[DATA BLOCK]

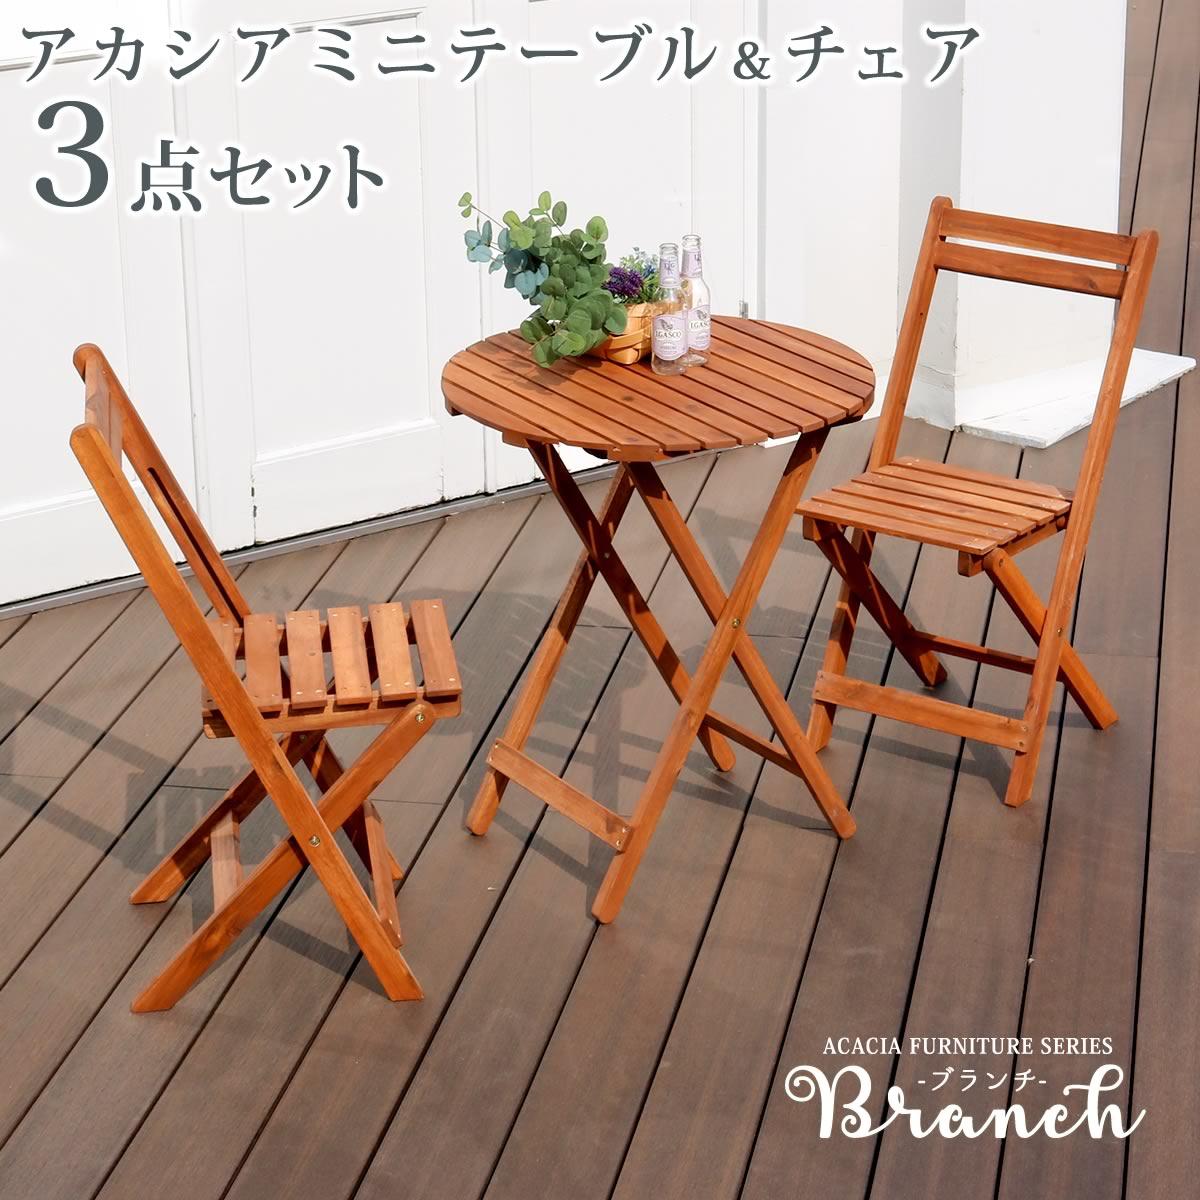 ブランチ 天然アカシア 折り畳み ガーデン丸テーブル&チェア 3点セット(ミニサイズ)送料無料 簡単組立 ガーデンテーブル ガーデンチェア パラソル穴 おしゃれ
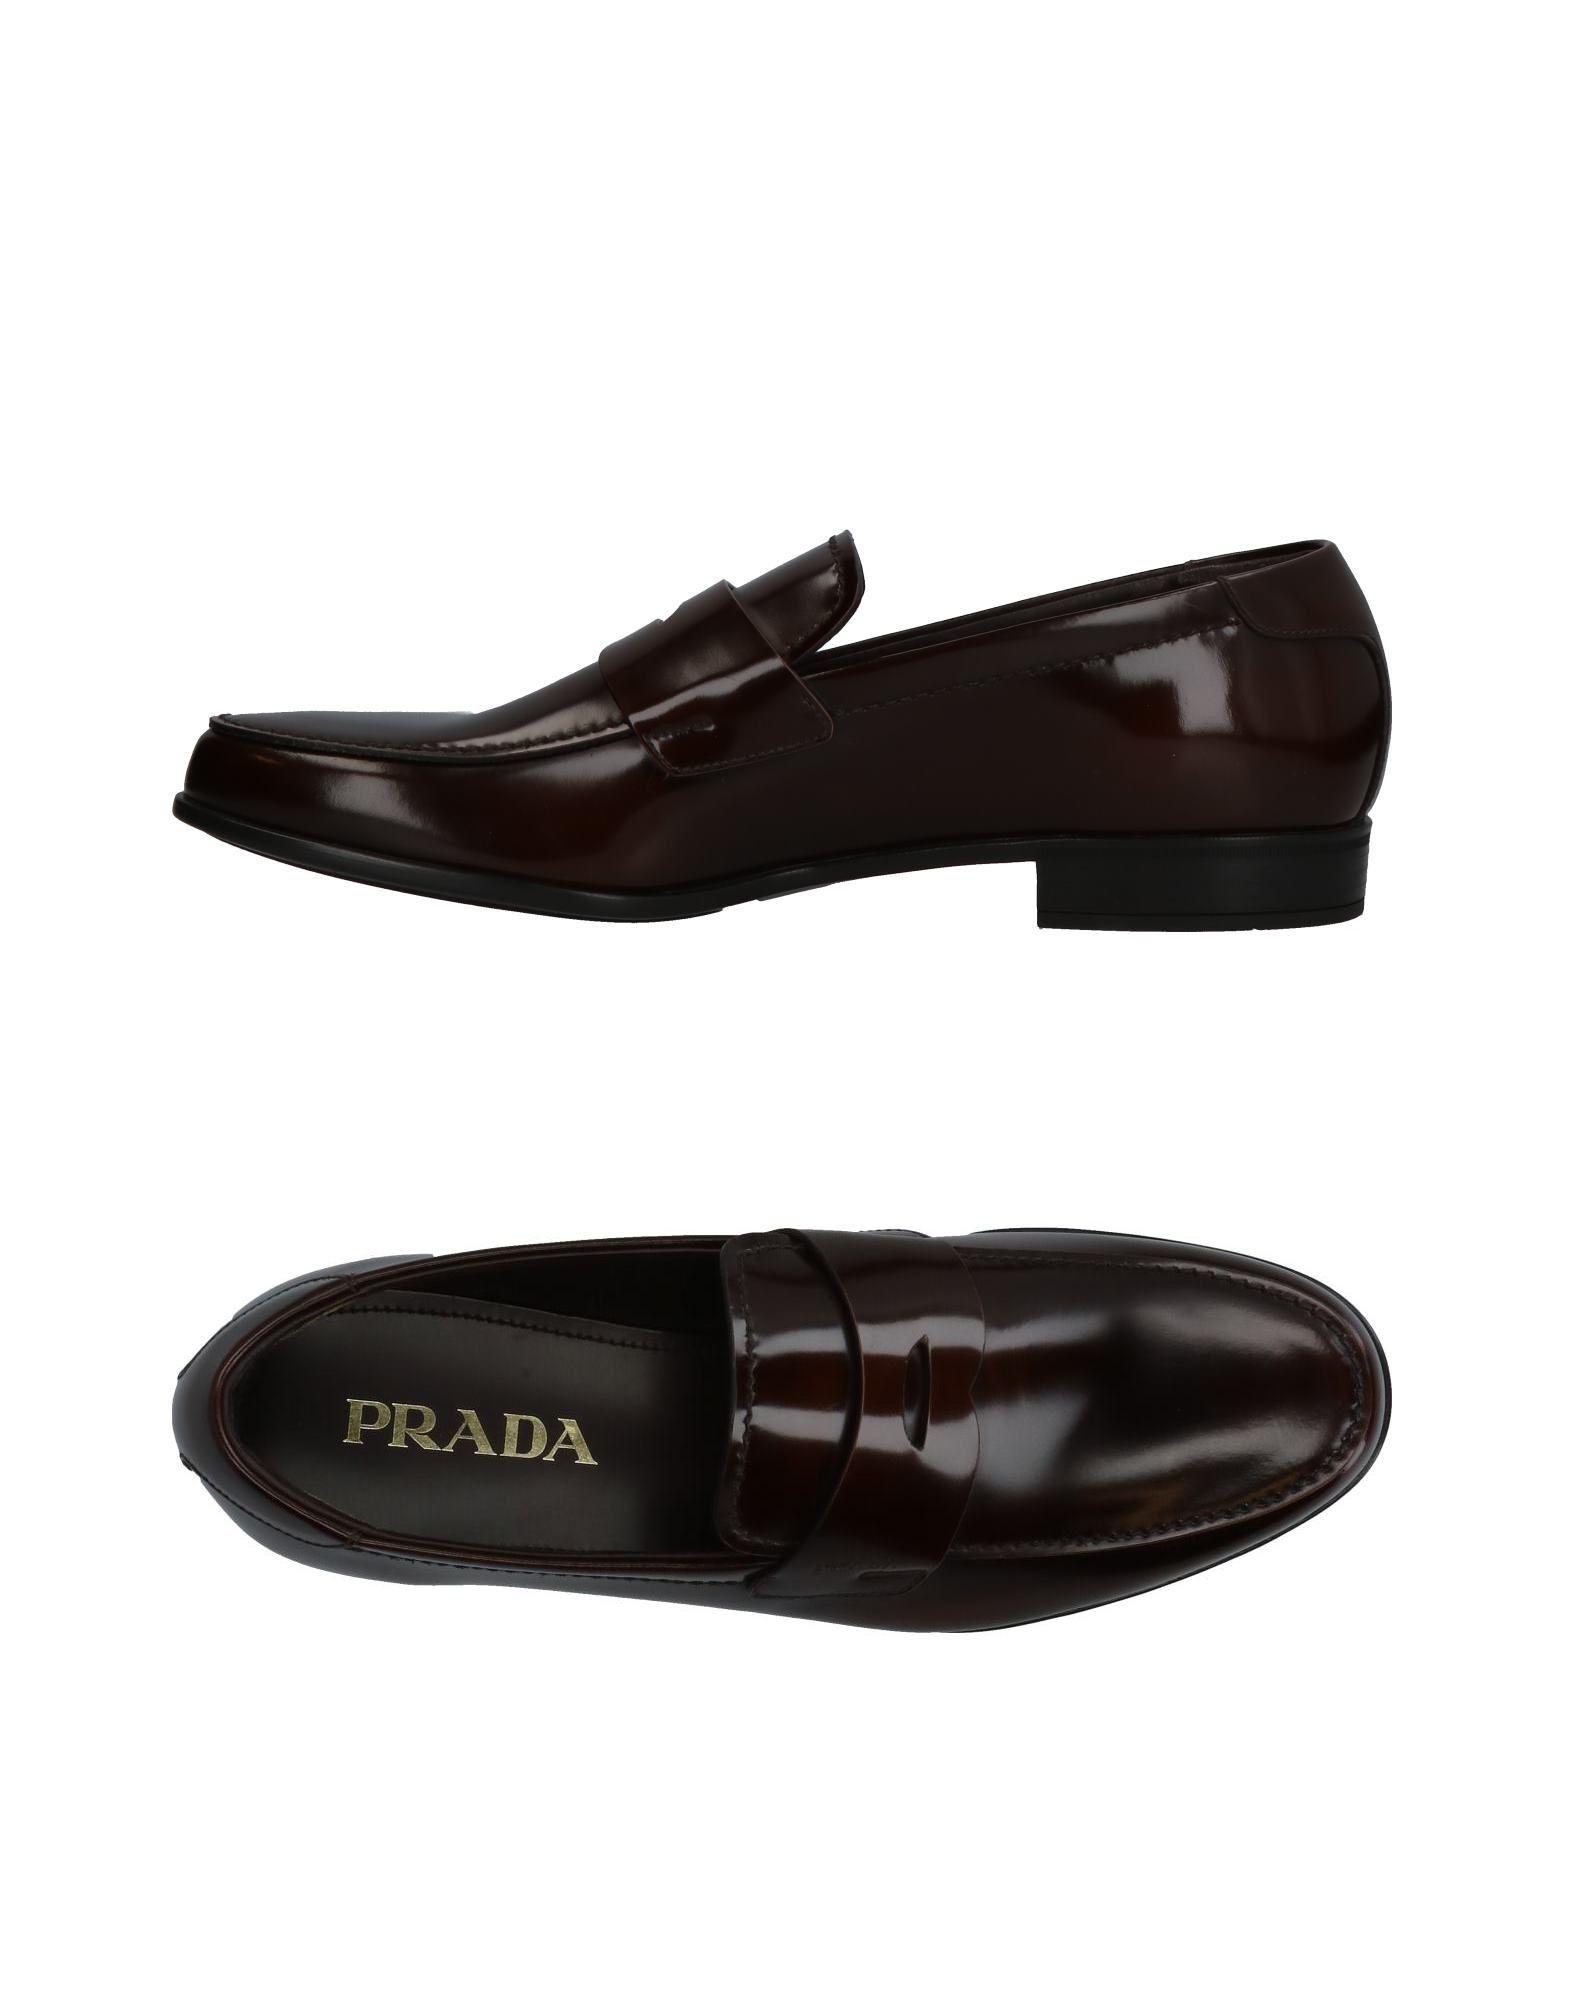 Prada Mokassins Herren  11327372FN Gute Qualität beliebte Schuhe
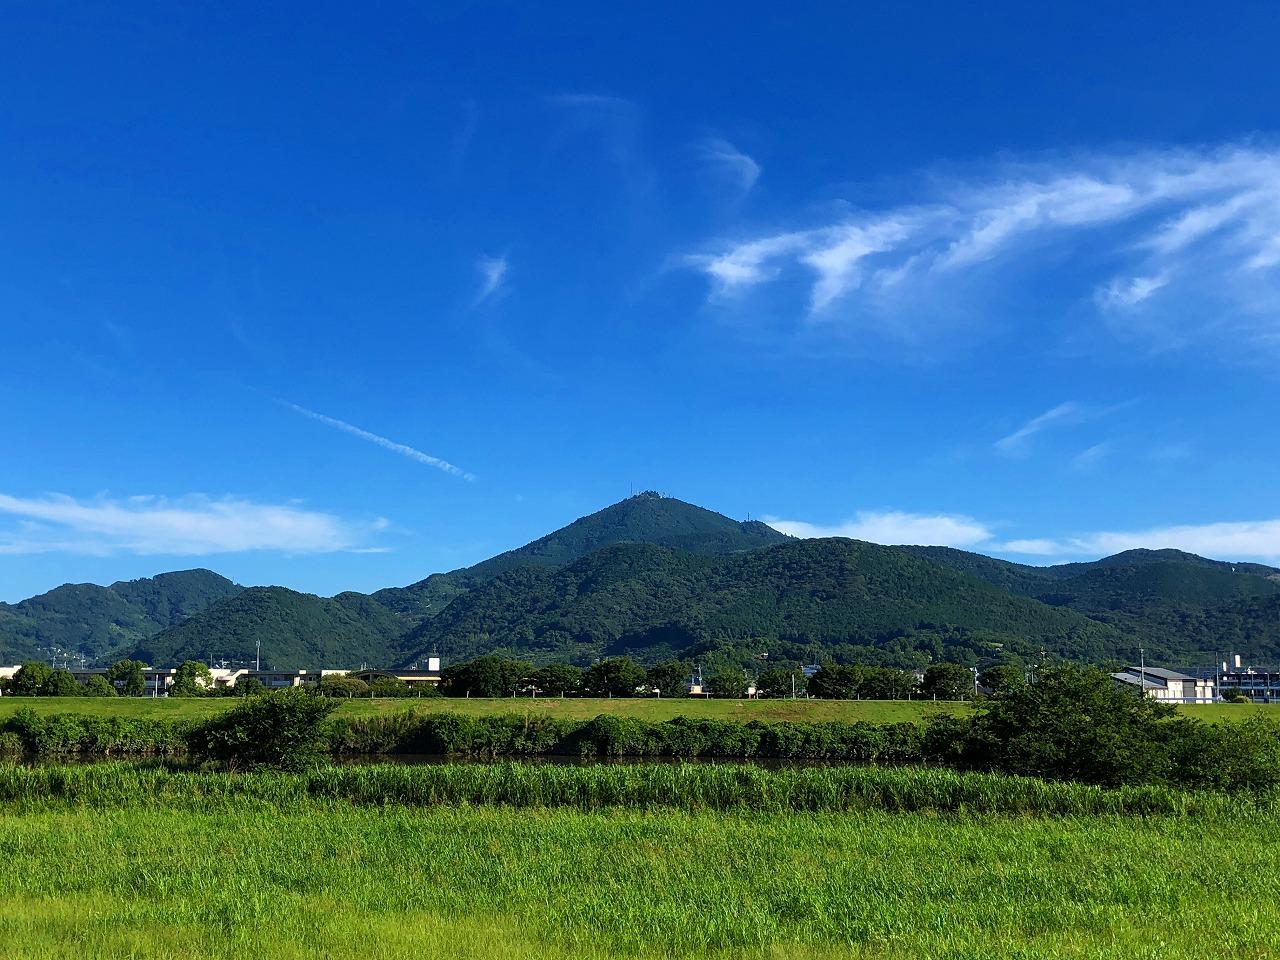 2018.7.10今朝の金峰山です。
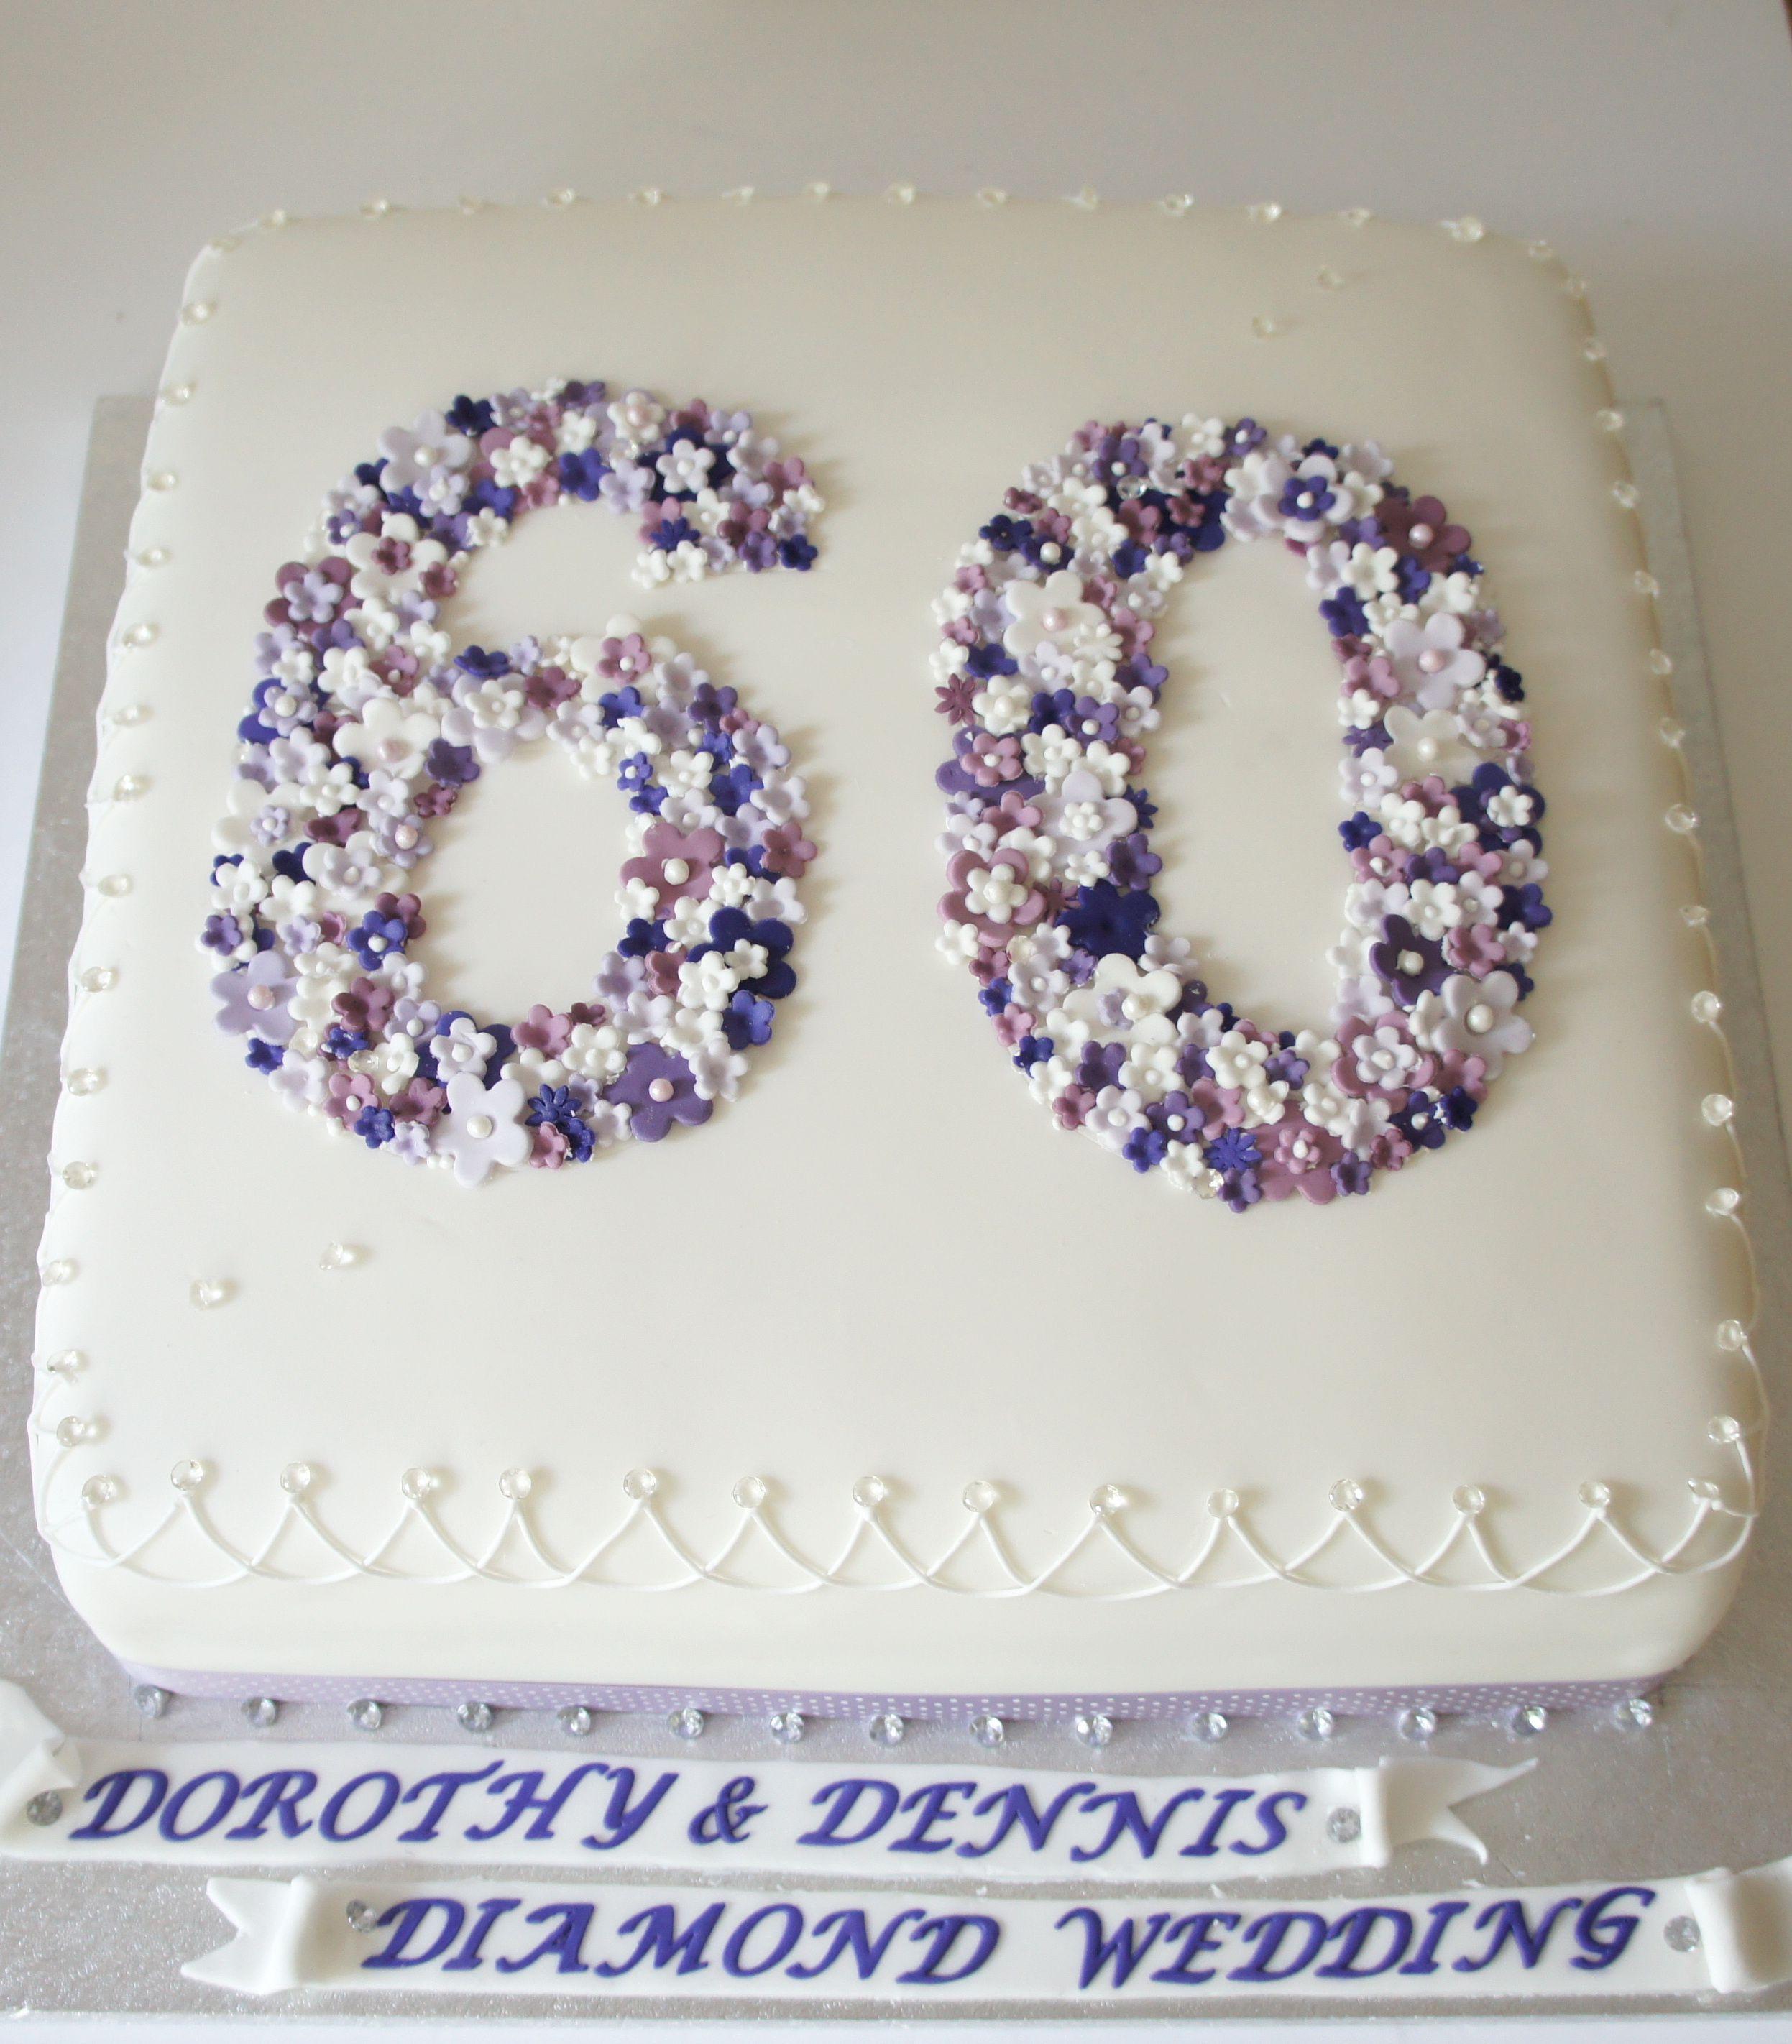 Diamond wedding anniversary Cake from www.byjojo.co.uk

[/DATA BLOCK]

Transcribe exactly the portion of the material above that runs from the line containing "Prada Mokassins Herren" through its last line, omitting all pictures.

## FINISHED EXERCISE
 Prada Mokassins Herren  11327372FN Gute Qualität beliebte Schuhe
 2018.7.10今朝の金峰山です。
 Diamond wedding anniversary Cake from www.byjojo.co.uk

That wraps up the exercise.